Vücudumuzdaki İşlevsiz Oldukları Düşünülen Organlar

bildigim kadarıyla vucutta işlemeyen organ olarak sadece sırt kısmındaki bi kastan bahsediliyor ama o bile sadece yüzerken işliyor.yani bence işlemeyen organ yok varsada eylem yapalım karşı koyalım:)
 
Perfectionist demiş ki:
HalukOzgur demiş ki:
Eğer evrim varsa gerçekten yani yıllar içinde balinaların burunlarının yer değiştirdiği, insanların maymundan evrimleştiği. Bu mendelin teorisiyle çelişmezmi yani parmağın kesilirse senin çocuğunda parmaksız doğmaz öyle değilmi?

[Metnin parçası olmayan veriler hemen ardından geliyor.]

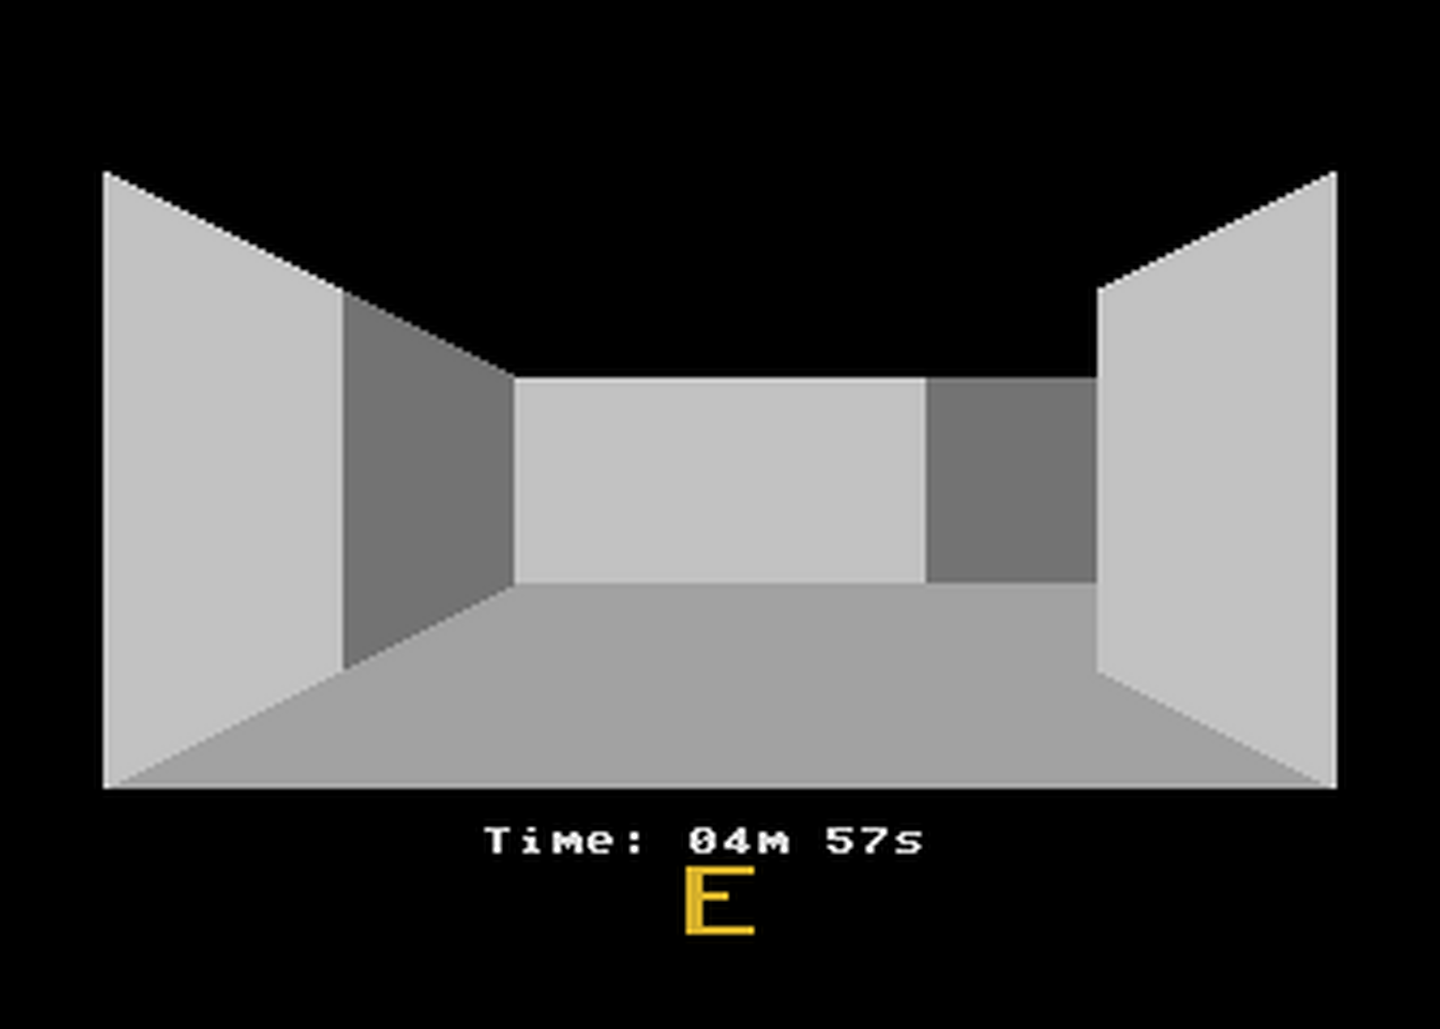 Atari GameBase Amazing_Maze (No_Publisher)

1.si insanlar maymunlardan evrimleşmemiştir. Onun adı primattır; yani aslında insanla maymunun ortak atası vardır...

2.si balina burnu sorunu anlayamadım açıkçası...

3. sü parmağını kesmek yerine testislerine yüksek değerde radyasyon vermeyi denersen çocuğunun emin ol bi yerleri eksik olur. Genetik olaylar bunlar bir kere parmak keserek böyle birşey yapamazsın...

(Gerçekten evrim teorisiyle ilgili bilgi edinmek istiyorsan öm atabilirsin, haddim olmasada kitap tavsiye edebilirim...)

1. si verdiğin bilgi için teşekkür ederim buna çok ihtiyacım vardı lakin forumdaki kimse ne dediğimi anlayamamıştı.

2.si Balina sorunu anlayan anladı.

3. sü sen galiba testislerine radyasyon verdin ondan bu kadar rahat konuşuyorsun :LOL:

(Gerçekten evrim teorisiyle ilgili bilgi edinmek isterim ama bu bilgiyi senden alacağıma bir primattan alırsam sanki daha çok bilgi edinmiş olurum)
:LOL: :LOL: :LOL: :LOL: :LOL:

Yani adam gibi soru soruyoruz yapmayın arkadaşlar ya.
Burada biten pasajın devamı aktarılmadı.